Here, Jeffords's jump is as accepted as Cherry Garcia

The senator's defection from the Republican Party is in line with a tradition of Vermont independence.

Independence is as native to Vermont as the ridges of its rumpled Green Mountains.

So it's in keeping with Vermont traditions that its sole Republican statewide officeholder, Sen. James Jeffords, decided to jump ship and become an independent. The historic move, announced yesterday at a press-packed hotel conference room on the shores of Lake Champlain, shifts the balance of power in the Senate, giving Democrats control for the first time since 1994.

While lawmakers in Washington are still reeling from the news, here in Vermont the announcement was greeted with glee. In fact, in the state capital of Montpelier, it had been rumored as a wise move for more than a year, although Mr. Jeffords said it only recently occurred to him.

The local Republican leadership, of course, felt betrayed and called on Jeffords to step down so a new election could be held. But the outpouring of support on "Switchboard," a statewide call-in show on public radio that was extended an extra half-hour Wednesday, seems to indicate that Jeffords's move is in keeping with most of his constituents' desires.

"Vermont voters include a lot of independents, moderates, and liberals," says David Moats, the Pulitzer Prize-winning editorial writer for The Rutland Herald. "I don't think this will be viewed as political expedience, but will be understood as a decision of conscience."

Yesterday morning, Jeffords explained his decision to the cheers of enthusiastic supporters. "I have changed my party label, but I have not changed my beliefs.
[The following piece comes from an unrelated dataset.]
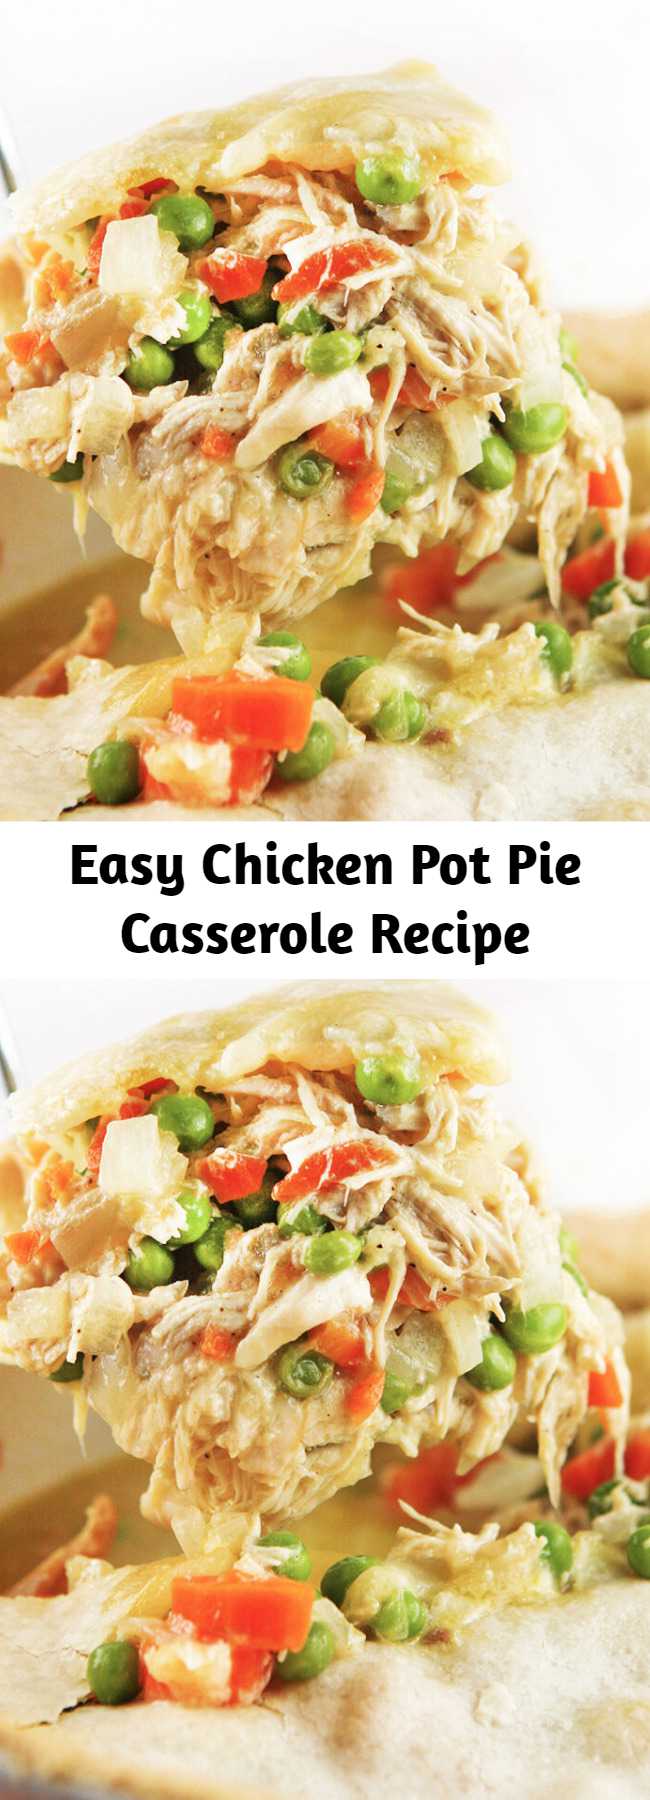 Easy Chicken Pot Pie Casserole Recipe - Chicken Pot Pie Casserole is a super easy and delicious dinner that comes together quickly. It will quickly become a family favorite!

Indeed, my decision is about affirming the principles that have shaped my career."

Such declarations of conscience have been voiced many times in the Green Mountains. First settled by farmers and loggers, Vermont declared itself a republic in 1777. It didn't join the other rebellious colonies in the Union until 1791. By then the state had already outlawed slavery, and it was an early advocate of abolition in the 19th century.

Throughout most of the 20th century, Vermont remained a rock-ribbed Republican stronghold in the Lincoln tradition. The people were so wary of federal power that, at the height of the Depression, they turned down the Roosevelt administration's offer to build a highway through the Green Mountains that would have brought millions of dollars and thousands of new jobs.

But a shift began when Vermonters elected a Democrat governor in 1962. As the national Republican Party looked South and to the right, Vermont began tilting to the left, in part because of the influx of what are known as "flatlanders" - liberals from New York and Boston fleeing the urban rush.

"There's a double helix," says Bill Mares, co-author of "The Vermont Owner's Manual." "So you've got the native strain of cantankerous, independent Lincoln Republicans. Then grafted onto that, the hippies and Democrats who moved up in the '60s and the '70s."

In 1981, a gadfly socialist who'd moved up from Brooklyn was elected mayor of Burlington by a 10-vote fluke. He hasn't lost an election since and is now US Rep. Bernard Sanders (I).

But Vermonters aren't always so accepting of outsiders. In 1998, the Republican leadership imported Jim McMullen, a Massachusetts man who had owned a summer house in Vermont, to run against Sen. Patrick Leahy (D).

He spent $450,000 in the primary, much of it his own money, but still lost to a septuagenarian local farmer named Fred Tuttle. In the general election, Fred, as he was known, asked people to vote for Mr. Leahy since his own wife wouldn't let him go to Washington.

Last year, Vermont became the first state to sanction legal unions between gay couples. That galvanized conservative Republicans in the state, the people that Jeffords had always had the hardest time attracting.

Vermont analysts believe that, in making his move to become independent, Jeffords is ceding to the new Republican Party those core conservatives - trusting that most of the state's voters will take him at his word, not his party.